### EXERCISE BRIEF
Exactly the lines from the one containing "Diet Quality Scores" through the one containing "Jumanji The Next" in the listing below are to be copied, with the pictures left out.

### DATA TO EXAMINE
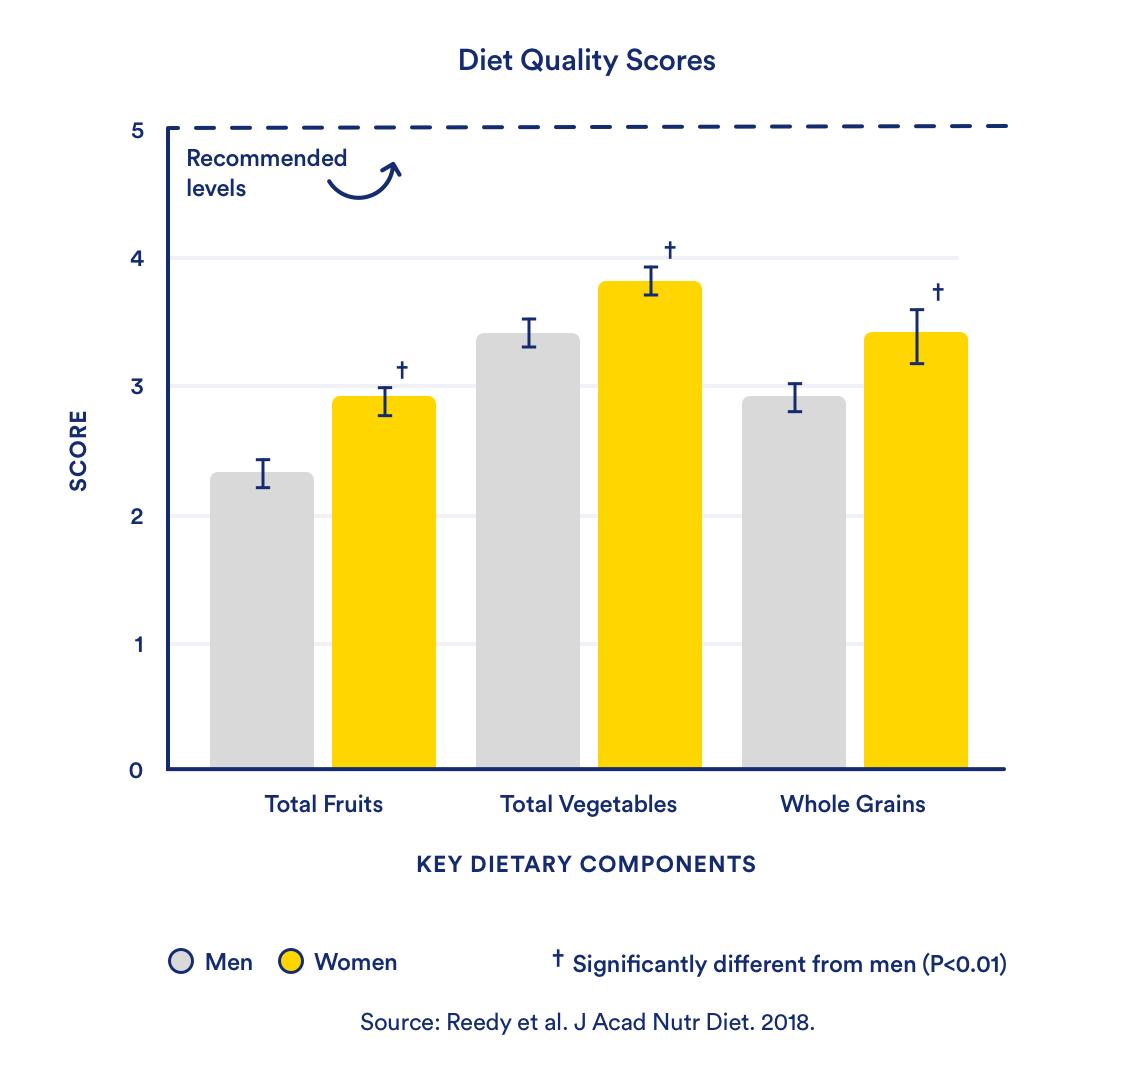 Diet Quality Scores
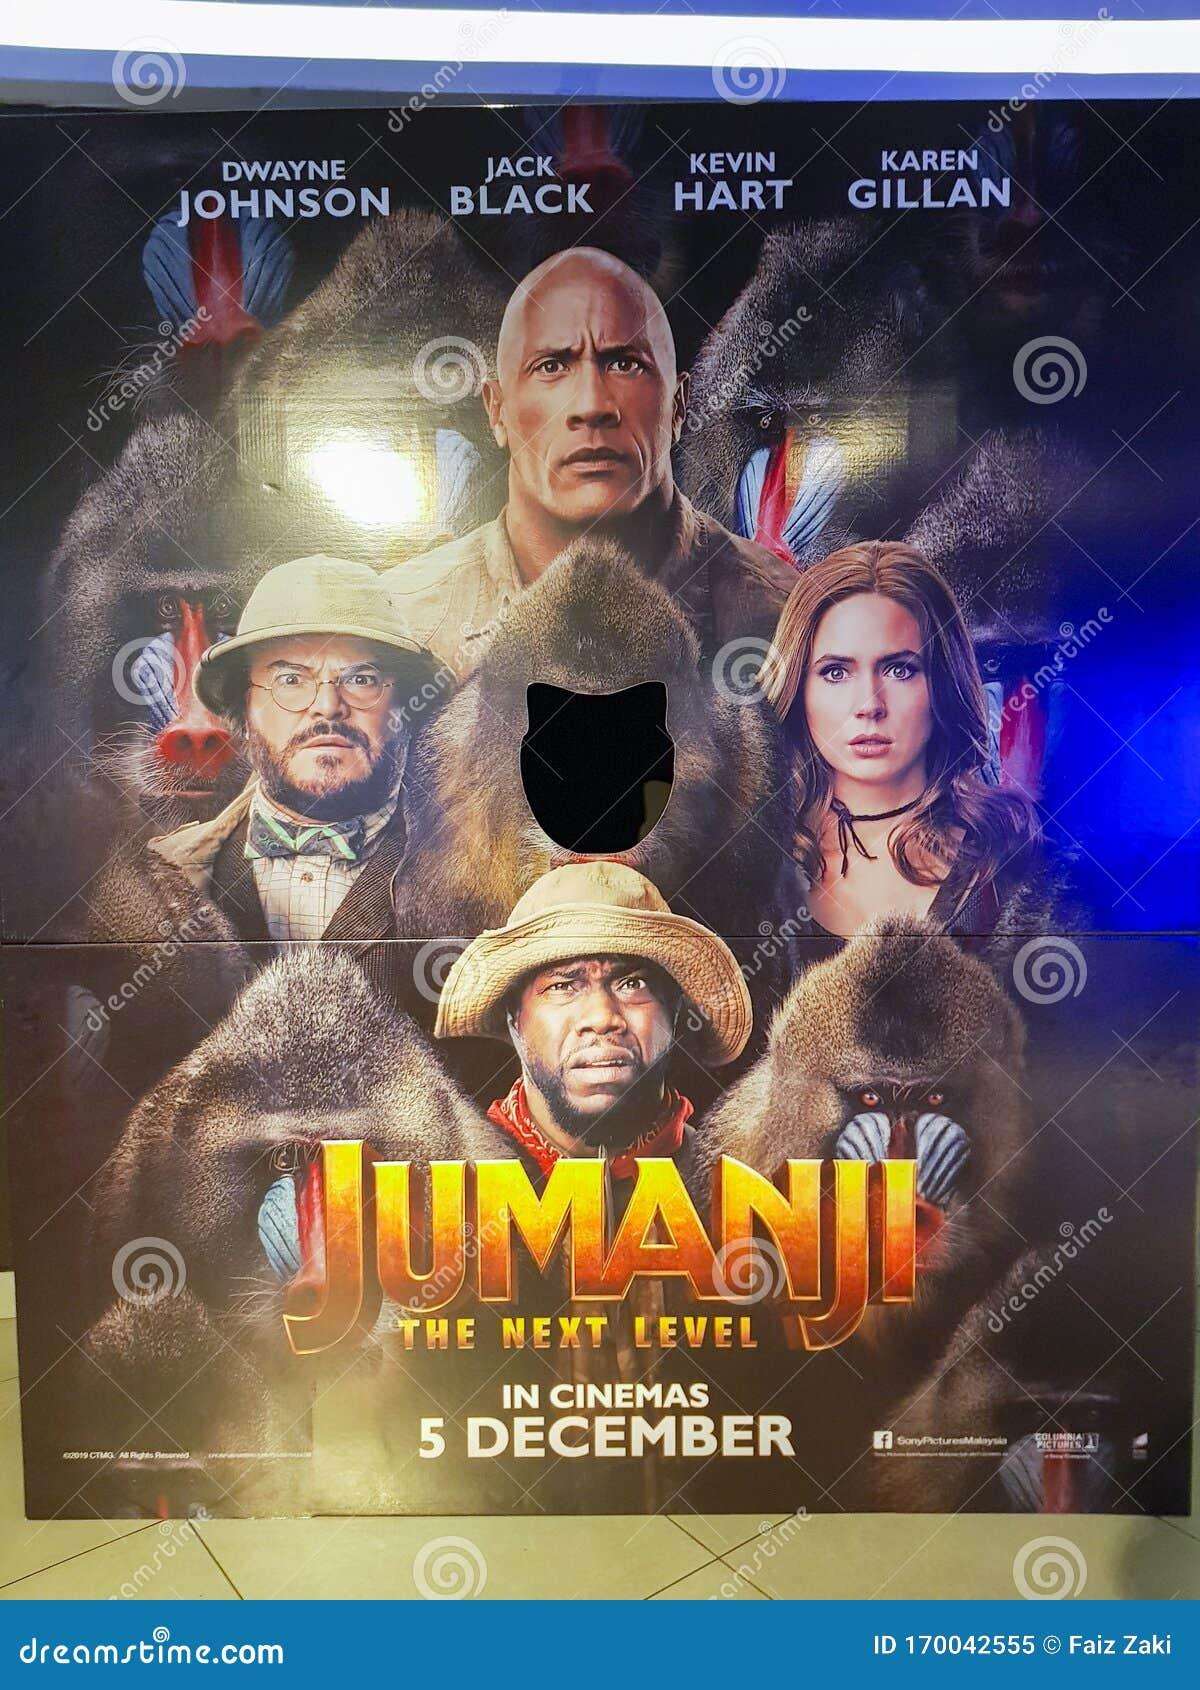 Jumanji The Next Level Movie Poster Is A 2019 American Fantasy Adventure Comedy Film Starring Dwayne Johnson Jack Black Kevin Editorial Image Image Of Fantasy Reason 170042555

* * *

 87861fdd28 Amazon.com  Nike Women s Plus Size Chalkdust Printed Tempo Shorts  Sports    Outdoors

### EXERCISE OUTPUT
 Diet Quality Scores
 Jumanji The Next Level Movie Poster Is A 2019 American Fantasy Adventure Comedy Film Starring Dwayne Johnson Jack Black Kevin Editorial Image Image Of Fantasy Reason 170042555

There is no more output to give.